# Thudding sound on rear suspension



## Exalta (Jan 21, 2003)

I have a B14 and I keep wondering what the hell is that thudding sound coming from the rear suspension...

It sounds like someone knocking on a big plastic drum...whenever i slow down i hear this low pitch knocking sound..checked out the rear shock mounts (accesible from trunk if you remove carpet lining) and they're all tightened


----------



## Exalta (Jan 21, 2003)

okay, i listened more carefully...whenever the car is in motion, or when slowing down, the thudding or clunking like somethings shaking inside something gets louder and faster


----------



## Greg200SE-R (Feb 5, 2003)

I have a similar "thud" sound from my car. I think mine is my exhaust piping hitting something, but yours is probably something else.

Do you have any aftermarket stuff (exhaust, suspension, etc) in the rear? Usually wierd noises like that happen after installing aftermarket parts and not with stock setups... 
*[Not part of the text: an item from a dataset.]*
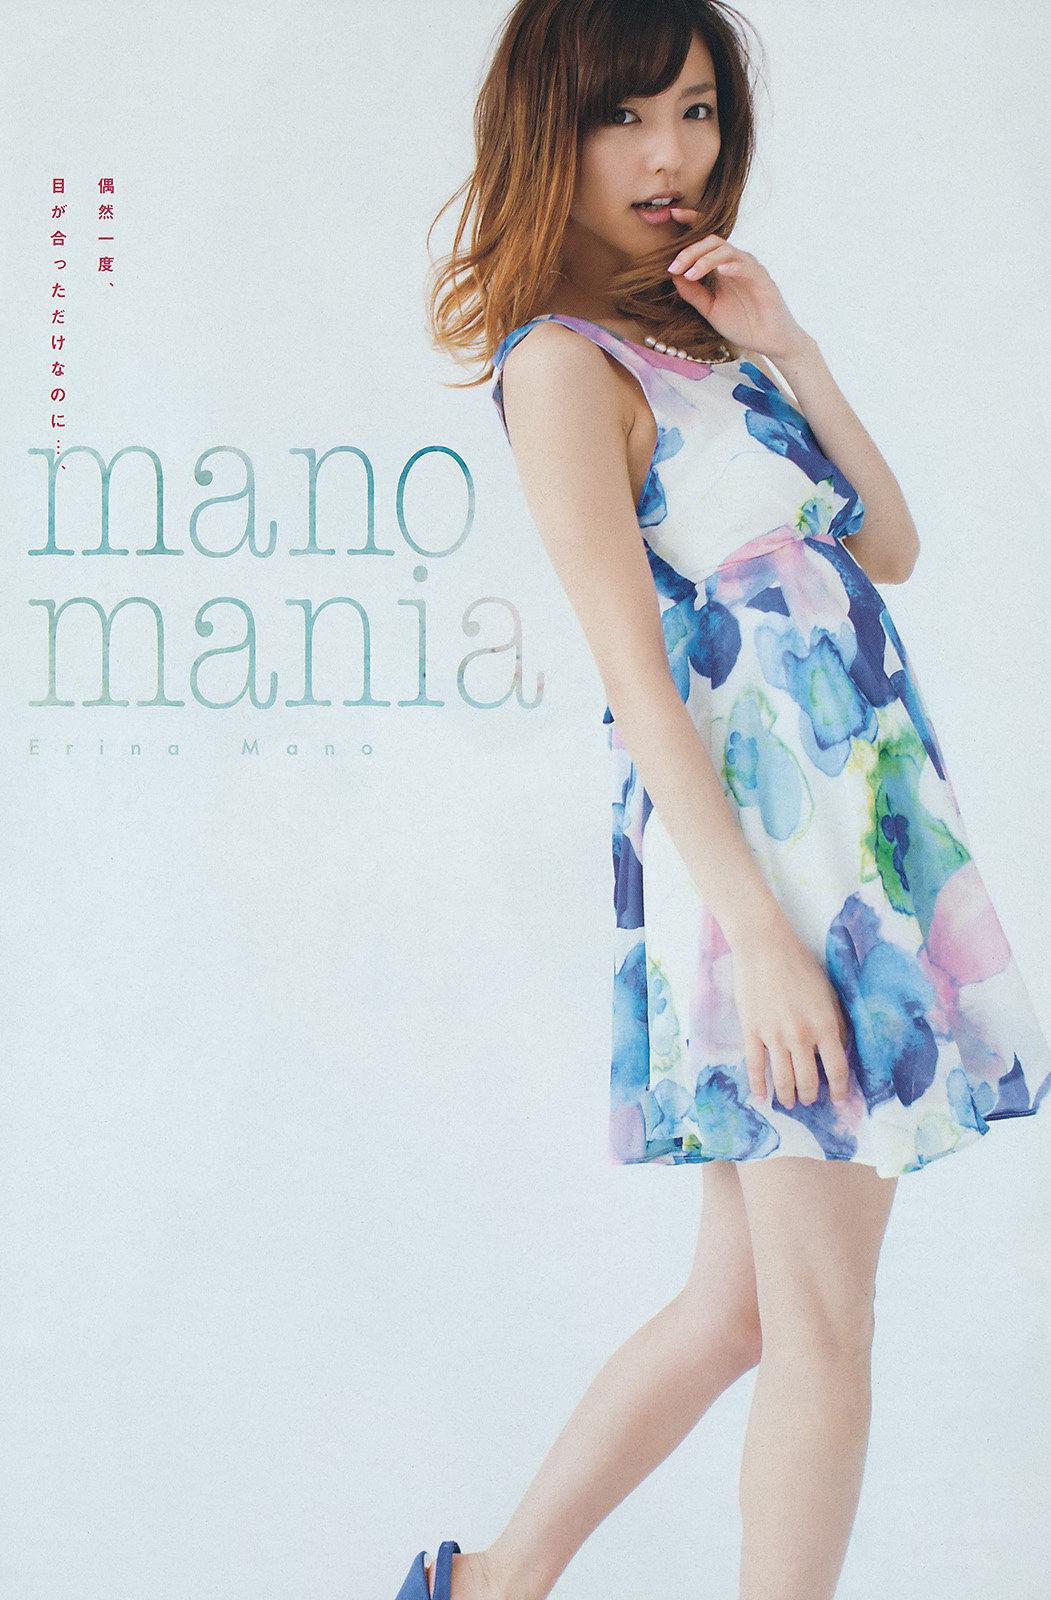 Magazine, Mano Erina, Young Magazine

Throw a little brother, sister or cousin in the trunk, drive around and aske them to pinpoint where the sound is coming from. 

No? Well, just an idea.


----------



## 9double8 (Jul 9, 2002)

Greg200SE-R said:


> I have a similar "thud" sound from my car. I think mine is my exhaust piping hitting something


That's what mine was. The exhaust hitting the rear beam. I just got another exhaust pipe hanger and re-hung the exhaust higher. No more banging.


----------